What needs to be done. The lines below, from the one holding "Beach of the" through the final line, are to be copied exactly, with no other lines and no pictures.

+++ Recorded information +++

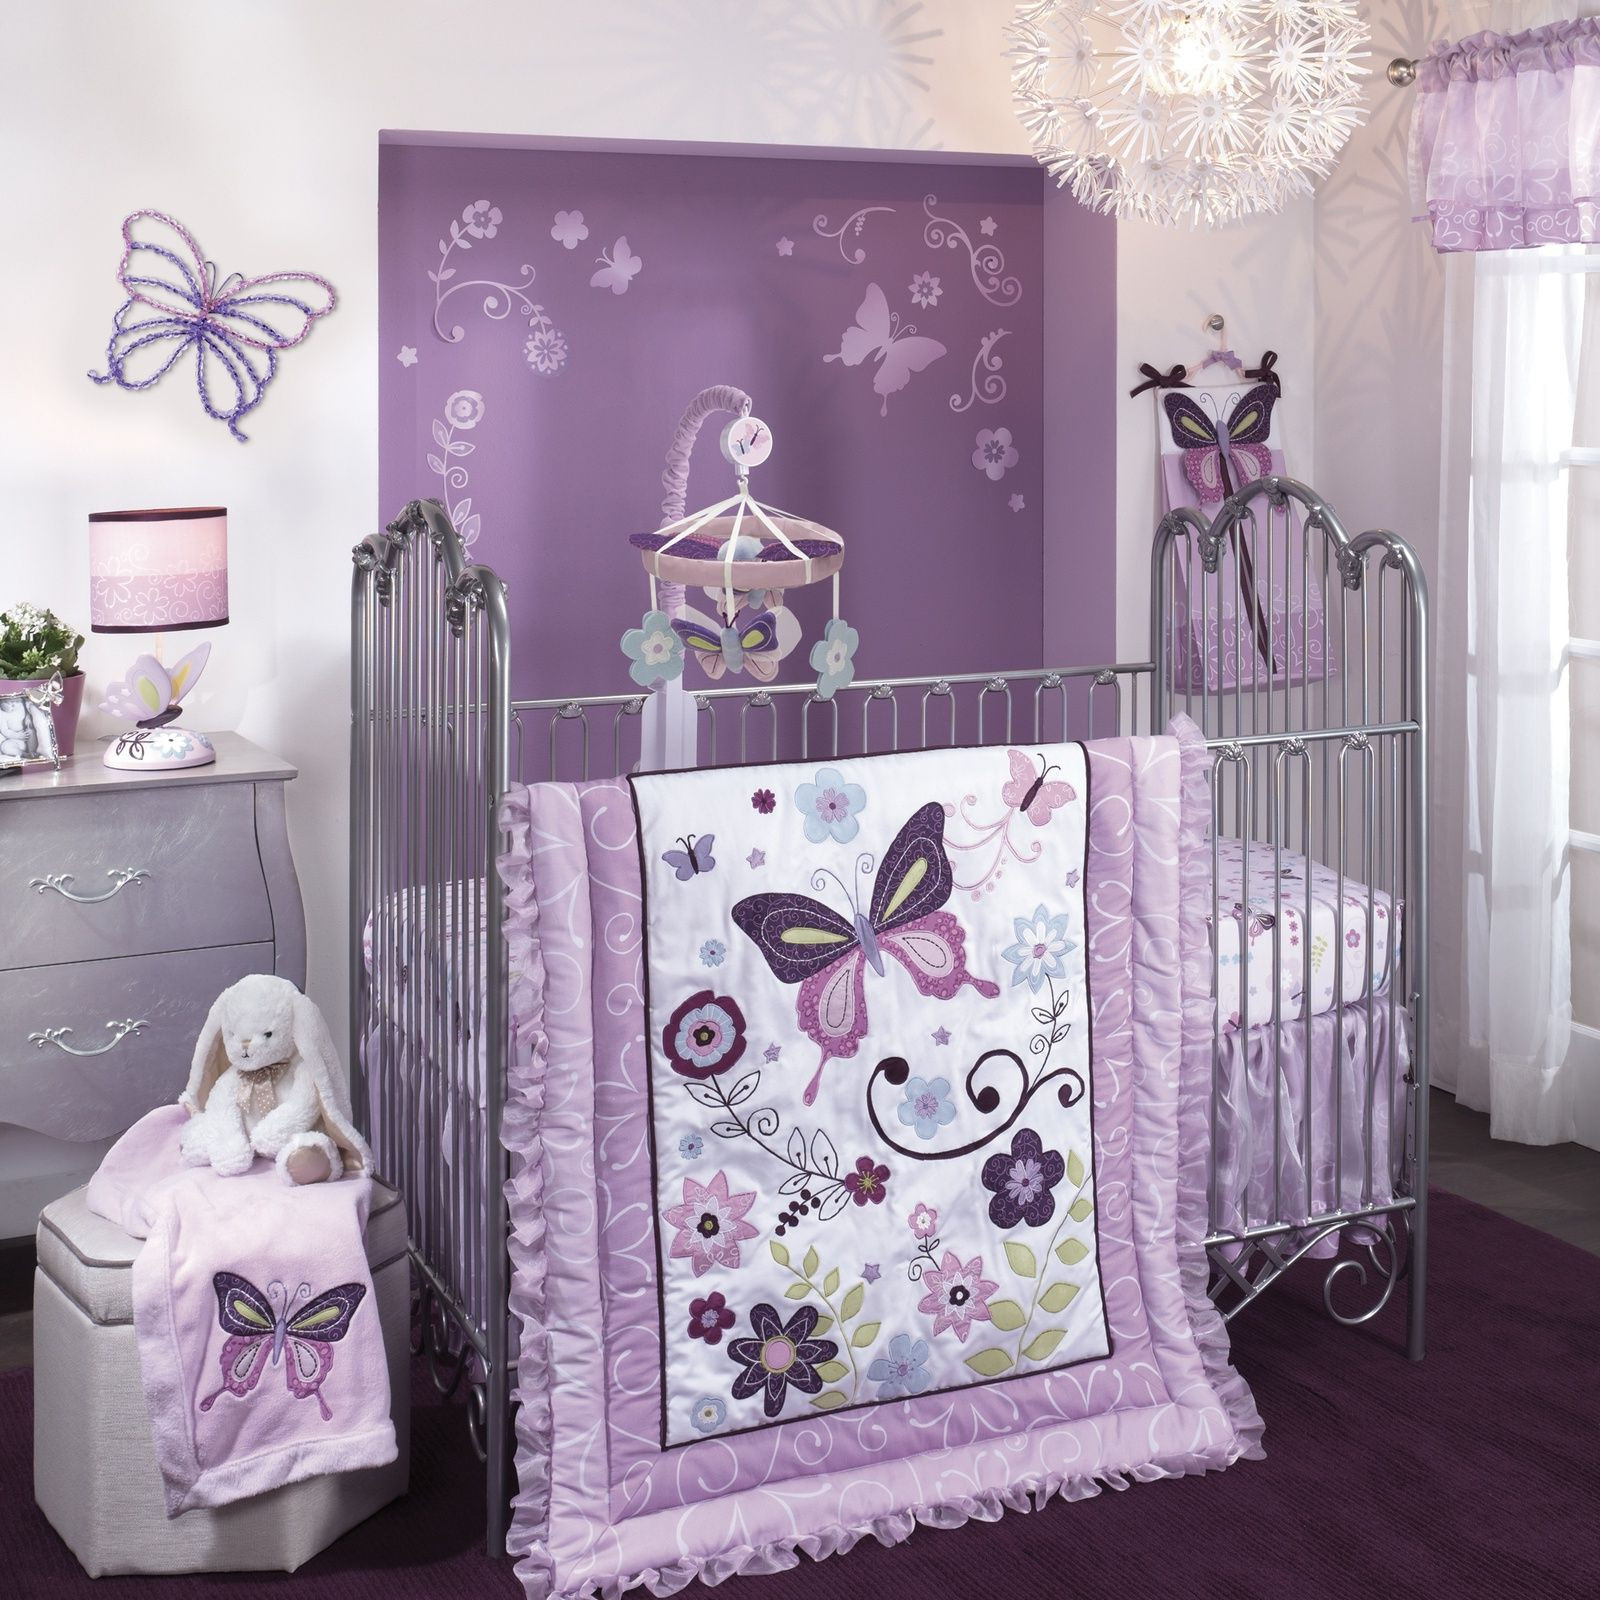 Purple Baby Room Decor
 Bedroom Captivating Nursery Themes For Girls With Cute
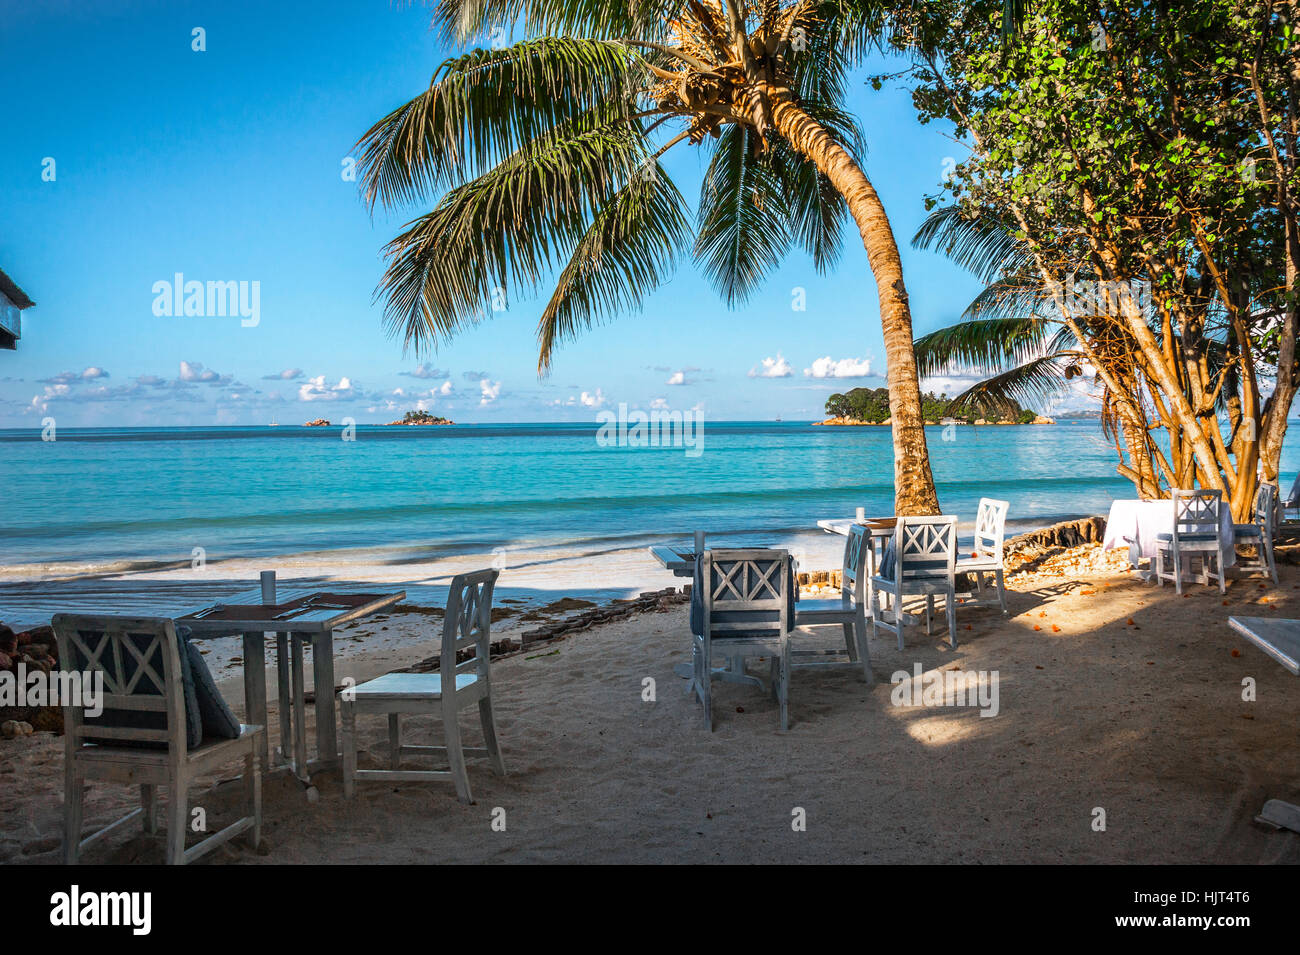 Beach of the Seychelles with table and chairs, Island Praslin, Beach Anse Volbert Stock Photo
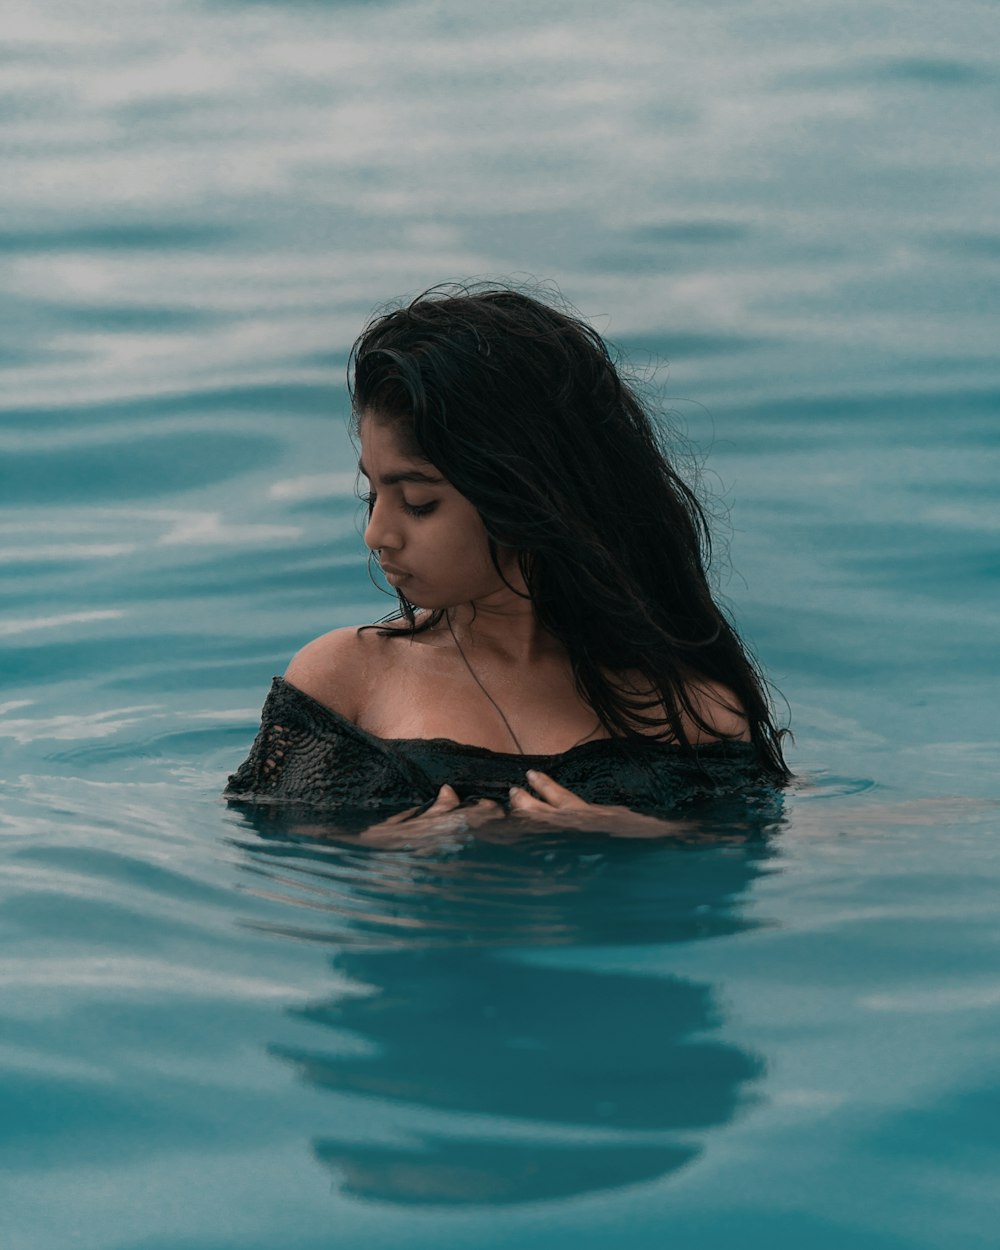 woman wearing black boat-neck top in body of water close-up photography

+++

Response area.
 Beach of the Seychelles with table and chairs, Island Praslin, Beach Anse Volbert Stock Photo
 woman wearing black boat-neck top in body of water close-up photography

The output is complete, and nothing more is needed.